Demikian itu akan berpengaruh terhadap perkembangan bangsa dan negara. Berdasarkan laporan UNESCO yang berjudul The Social and Economic Impact of Illiteracy yang dirilis pada tahun 2010, bahwa tingkat literasi rendah mengakibatkan kehilangan atau penurunan produktivitas serta kehilangan proses pendidikan baik pada tingkat individu maupun pada tingkat sosial. Kemudian hal itu akan berefek pada penurunan pendapatan negara, tingginya biaya hidup, dan terbatasnya hak advokasi akibat rendahnya paritisipasi sosial dan politik.

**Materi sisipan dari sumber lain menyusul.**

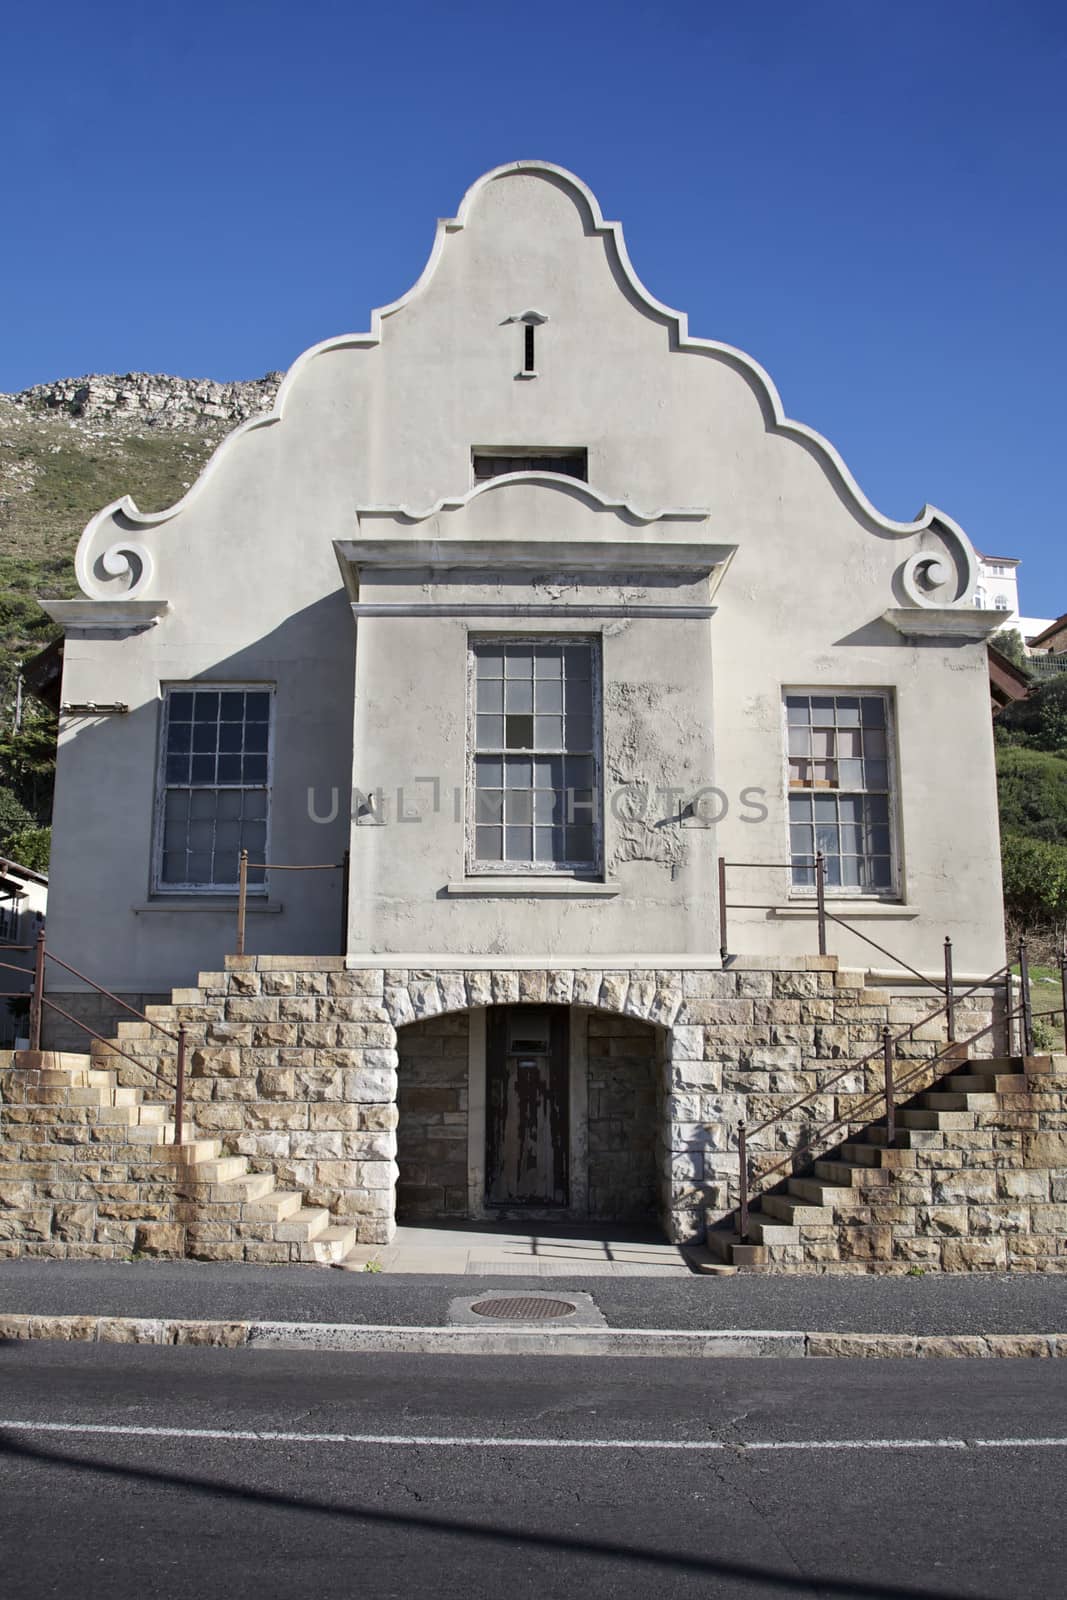 Cape Dutch Building in Cape Town

Apa yang dilaporkan UNESCO itu tentu bukan sekadar pemberitahuan. Laporan ini berdasar pada kondisi riil geopolitik pada sejumlah negara. Maka minimnya budaya literasi akan menyebabkan kemunduran suatu bangsa. Membaca kemudian paham, itu saja tidak cukup. Tetapi membaca kemudian menjadi bijak dan tenang, itulah tujuan membaca yang sesungguhnya. Menulispun demikian. Tulisan di media sosial seharusnya memiliki unsur kritik yang membangun. Bukan mencela dan menjatuhkan.

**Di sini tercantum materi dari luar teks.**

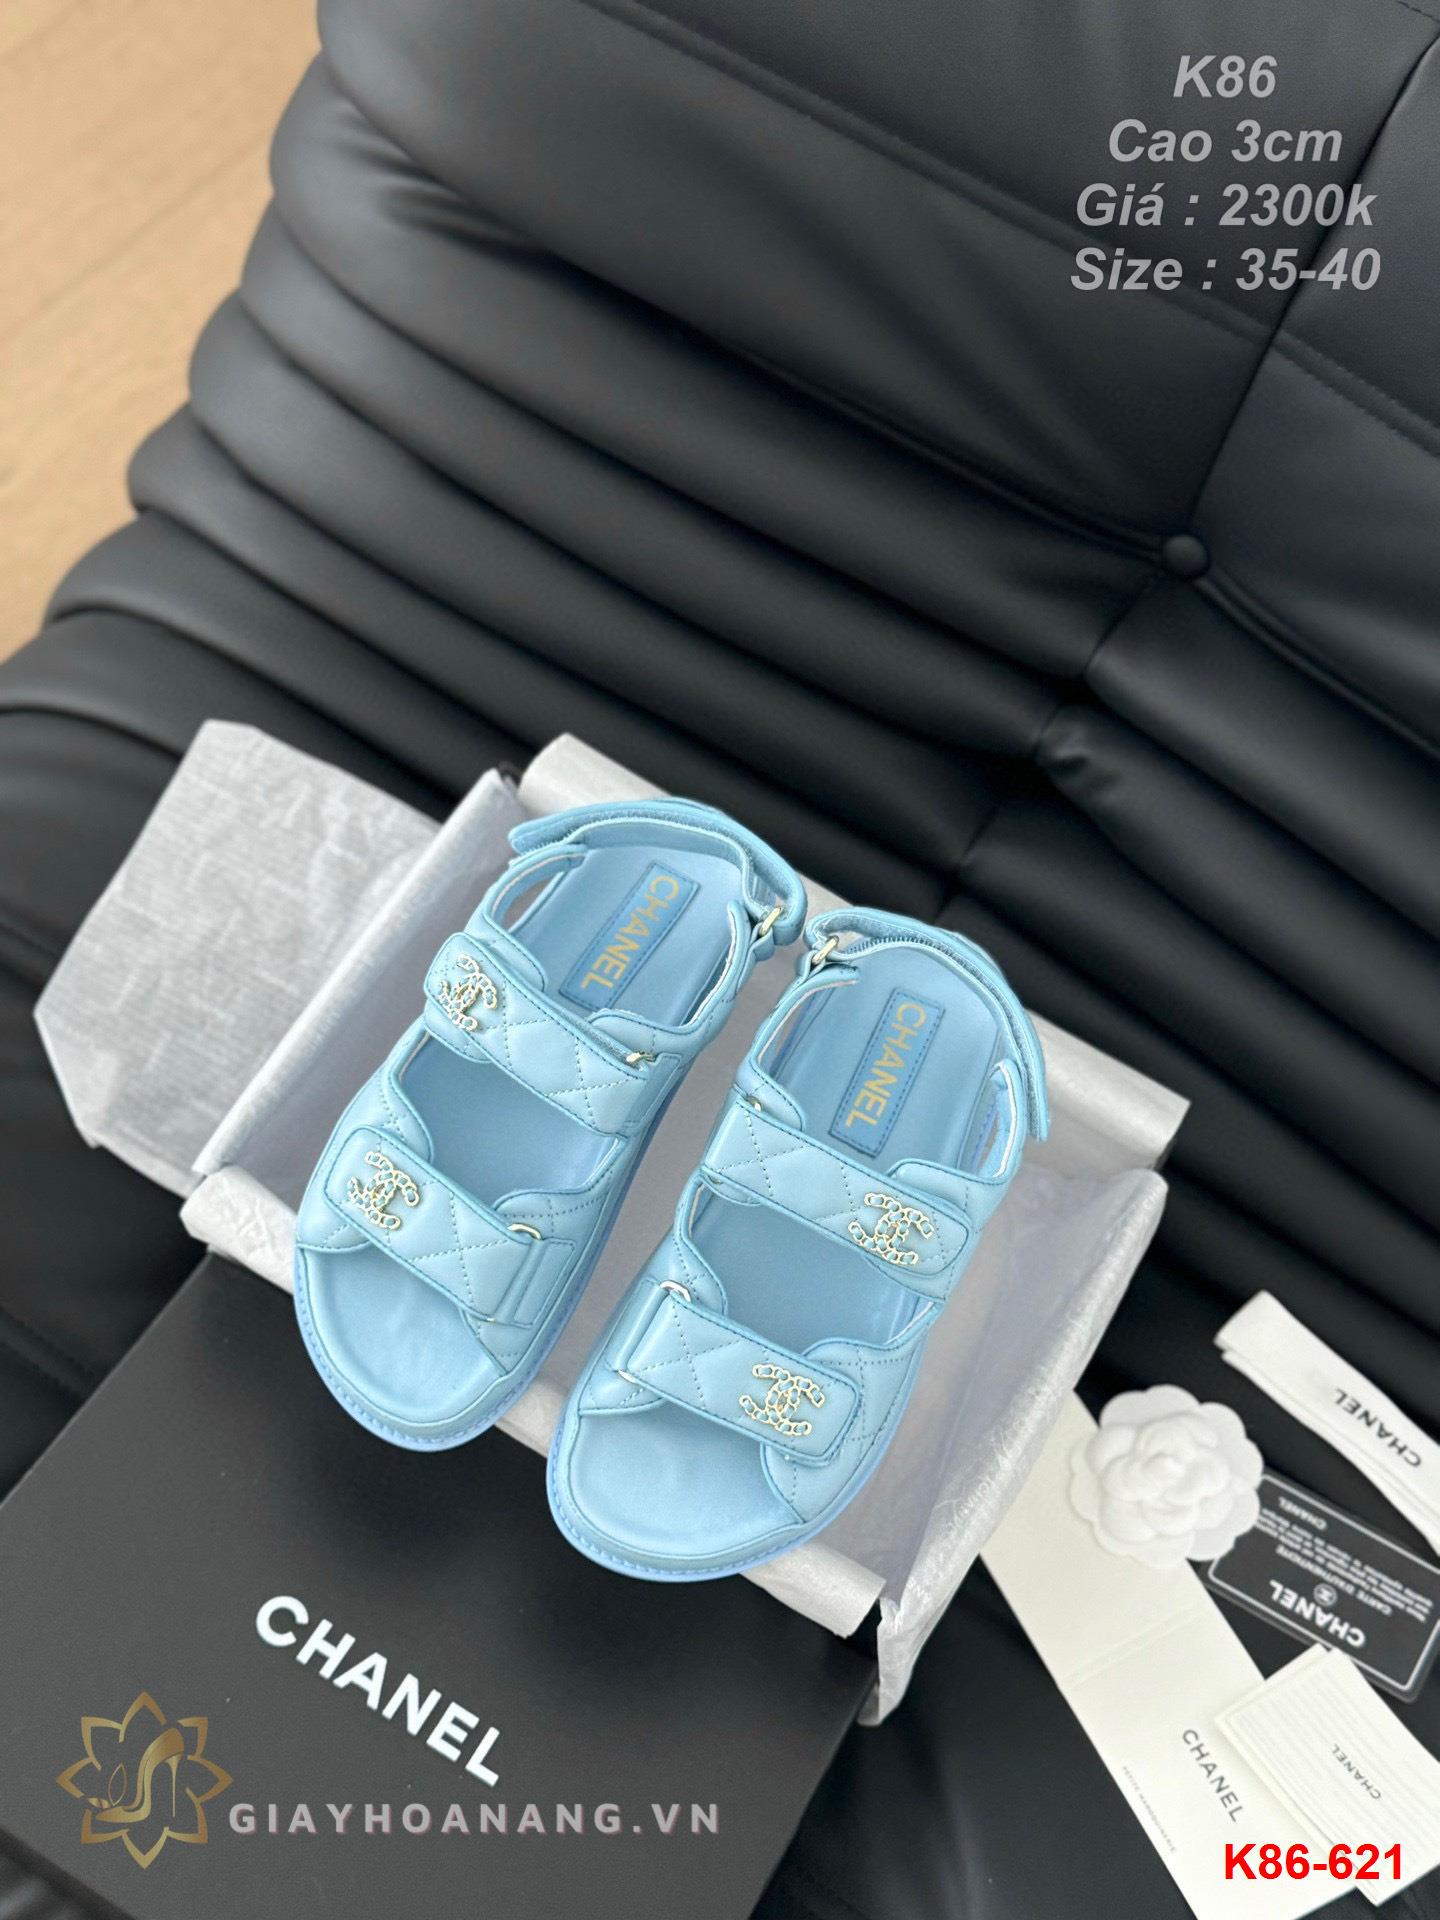 K86-621 Chanel sandal cao gót 3cm siêu cấp

Mereka yang buta huruf (illiterate) di abad ke-21, demikian dikemukakan futurolog Alvin Toffler, bukanlah orang-orang yang tidak bisa membaca dan menulis, tetapi orang-orang yang tidak bisa belajar, melupakan ajaran masa lalu yang tidak benar, dan kembali belajar (learn, unlearn, and relearn).

Buta huruf yang selama ini diyakini sebagai kondisi tidak bisa membaca secara tekstual sudah saatnya diajukan sebagai perspektif lama. Buta huruf dan ketidamampuan membaca bukan lagi ketika kita tidak mampu mengoperasikan aplikasi media sosial dan internet, tetapi ketika kita tidak bisa melihat dan memahami referensi dalam arti yang lebih luas, serta bagaimana menggunakannya dengan baik. Kehadiran pembaca dan penulis yang budiman dibutuhkan pada sebuah bangsa yang maju dan beradab.

Agar ramalan Fukuyama tidak terjadi pada bangsa Indonesia. Sebagaimana kebodohan yang akan senantiasa membayangi jika masyarakatnya jarang membaca. Di mana kebodohan, sangat dekat maknanya dengan bencana dan kekacauan. (*)

**Penulis merupakan Dosen Pendidikan Bahasa Indonesia UIN Suska Riau / Kandidat Doktor Linguistik Universitas Pendidikan Indonesia
JIKA MENEMUKAN BERITA KAMI TIDAK SESUAI FAKTA, SEGERA HUBUNGI 0813 3966 1966 (Chat WhatsApp Only)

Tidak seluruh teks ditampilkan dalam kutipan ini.